В законе о цензуре авторы объявлялись полноценными собственниками: писатели и их наследники получали право на доход от издания своих произведений точно так же, как землевладельцы получали доход со своих земель. Через двадцать пять лет после смерти автора его изданные произведения переходили в «собственность публики», и отныне издавать их мог кто угодно. Существенно, что положения о литературной собственности начинали действовать лишь после того, как данное произведение подавалось на одобрение цензору: не одобренные цензурой, идеологически или политически радикальные произведения не признавались в качестве законного объекта собственности. В этом смысле русская система (возможно, даже в большей степени, чем примеры из других европейских стран) идеально отвечала парадигме, описанной Мишелем Фуко в его знаменитой статье «Что такое автор?». Иными словами, право собственности на литературные тексты (авторство как право собственности) возникло только тогда, «когда авторы стали доступны наказанию»[945]
. Правительство увязывало акт надзора с актом присвоения; нарушающим порядок (transgressive) текстам, как выразился Фуко, было отказано в признании.

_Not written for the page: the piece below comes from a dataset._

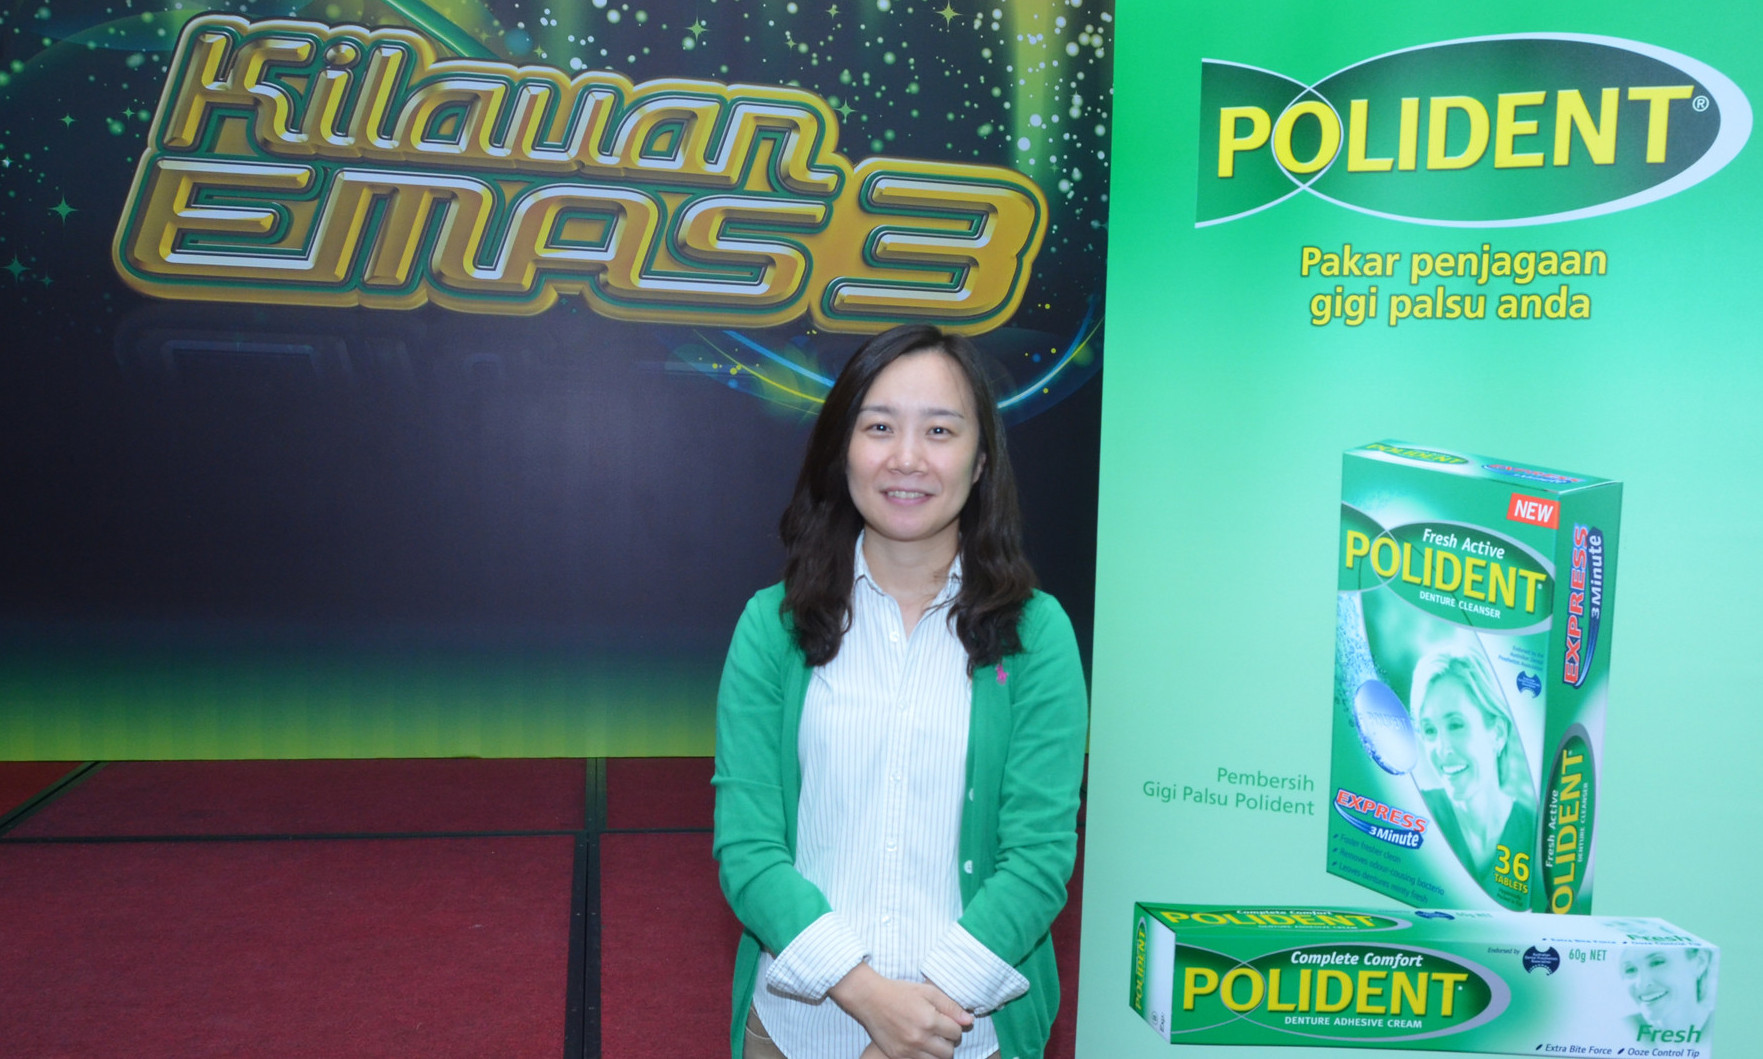 Polident Builds Confidence On Kilauan Emas Marketing Interactive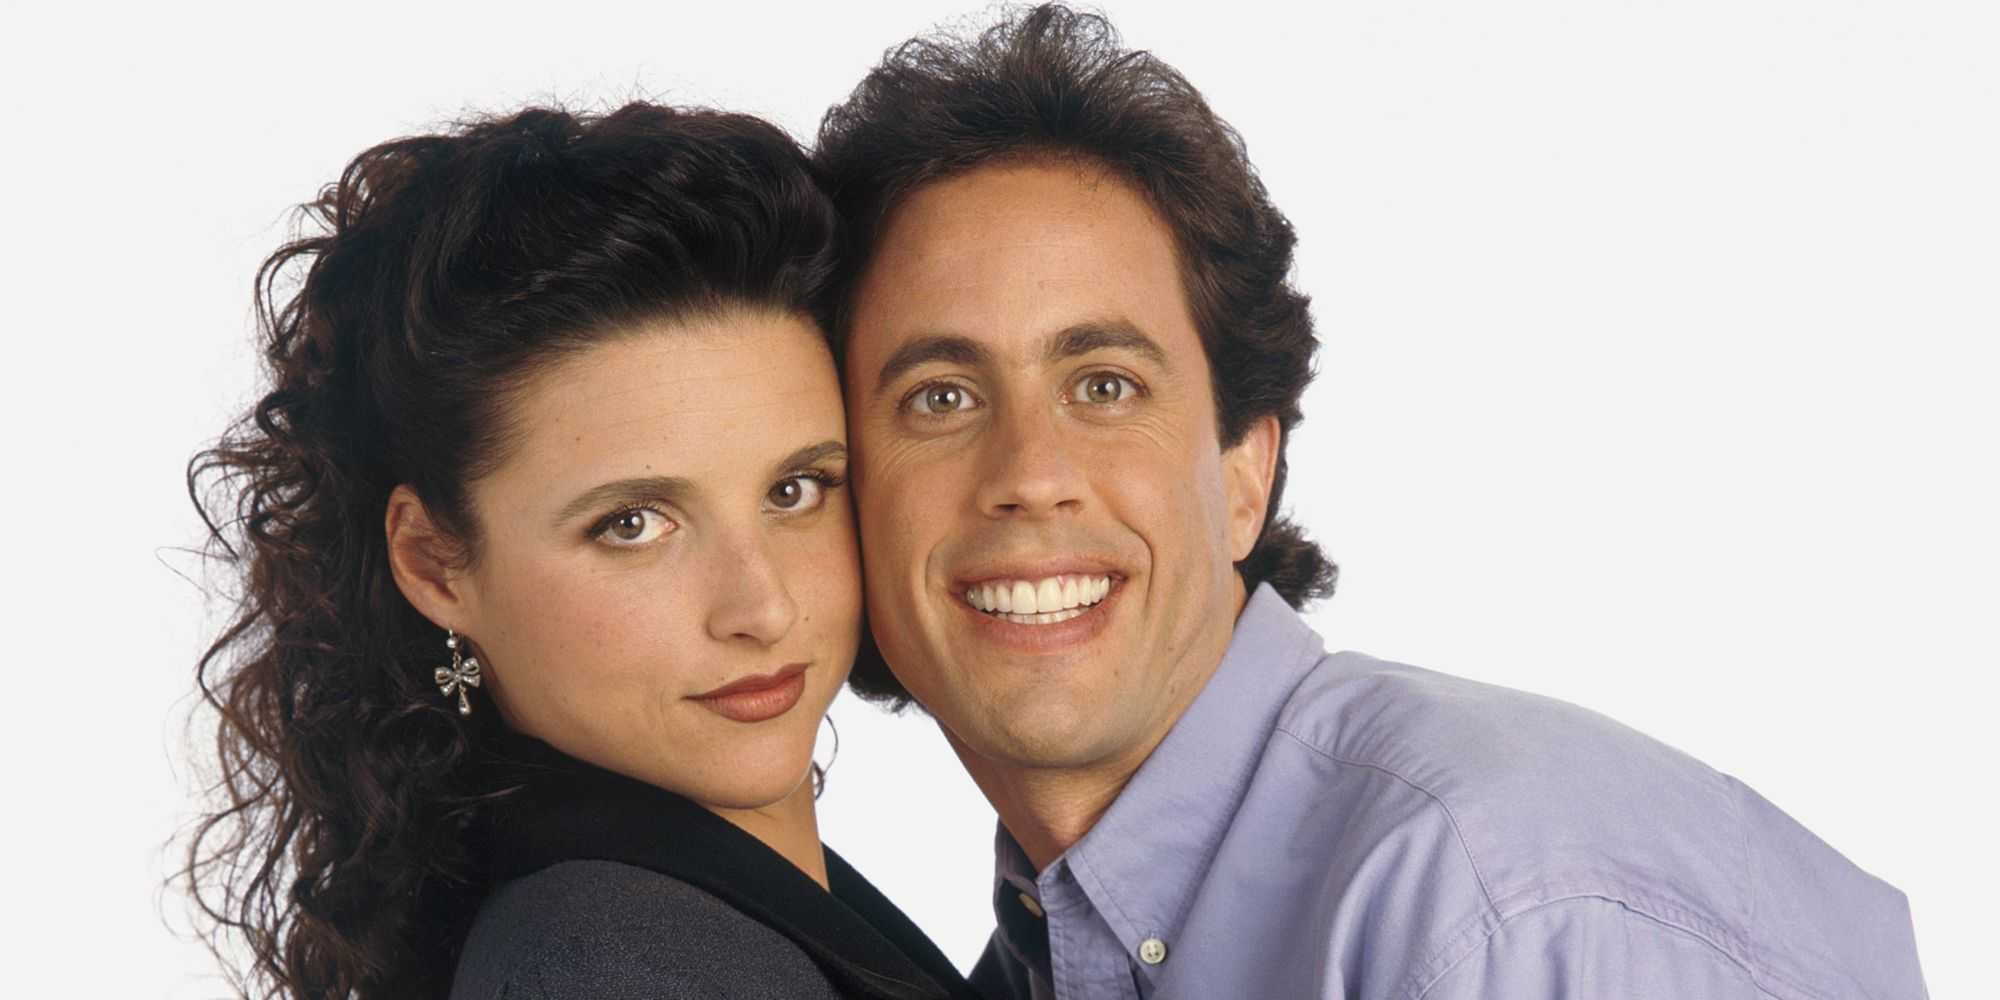 Why The Seinfeld & Elaine Romance Subplot Went Nowhere After Season 2

Например, когда наставник шести детей Адама Мицкевича (1798–1855) обратился к Александру II с прошением о признании их прав собственности на те произведения польского поэта-бунтаря, которые не имели политического содержания, царь удовлетворил эту просьбу, но подтвердил запрет на издание «возмутительных» стихов периода либерально-революционных стремлений[946]. Полицейский характер системы авторских прав являлся уникальной российской чертой: в отличие от других европейских стран, русские законы об авторском праве входили в состав положений о цензуре и лишь в 1887 году наконец были включены в Гражданское уложение[947]. А. С. Пушкин, объясняя русскую систему законов о литературной собственности французскому послу (видному историку и политику барону де Баранту), указывал на двусмысленный характер государственной опеки: «La question de la propriété littéraire est très simplifiée en Russie òu personne ne peut présenter son manuscript à la censure sans en nommer l’auteur et sans le mettre par cela même sous la protection immédiate du gouvernement» («Вопрос о литературной собственности очень упрощен в России, где никто не может представить свою рукопись в цензуру, не назвав автора и не поставив его тем самым под непосредственную охрану со стороны правительства»)[948].В этих условиях появление «публики» как легитимного контрагента авторов на литературном рынке может вызвать удивление. Судя по всему, выражение «собственность публики», фигурирующее в законе о цензуре, образовано от французского
Идейное противопоставление публичной и частной собственности было заимствовано из‐за границы: как мастерски показывает Карла Хессе, оно впервые было отмечено в дискуссиях по поводу законов об авторских правах, шедших в предреволюционной Франции, и связано с эпистемологическими теориями Просвещения. Одна из этих идей делала упор на роли автора-индивидуума как творца знаний, а другая настаивала на объективном, то есть независимом от автора, и естественном происхождении идей в обществе[949]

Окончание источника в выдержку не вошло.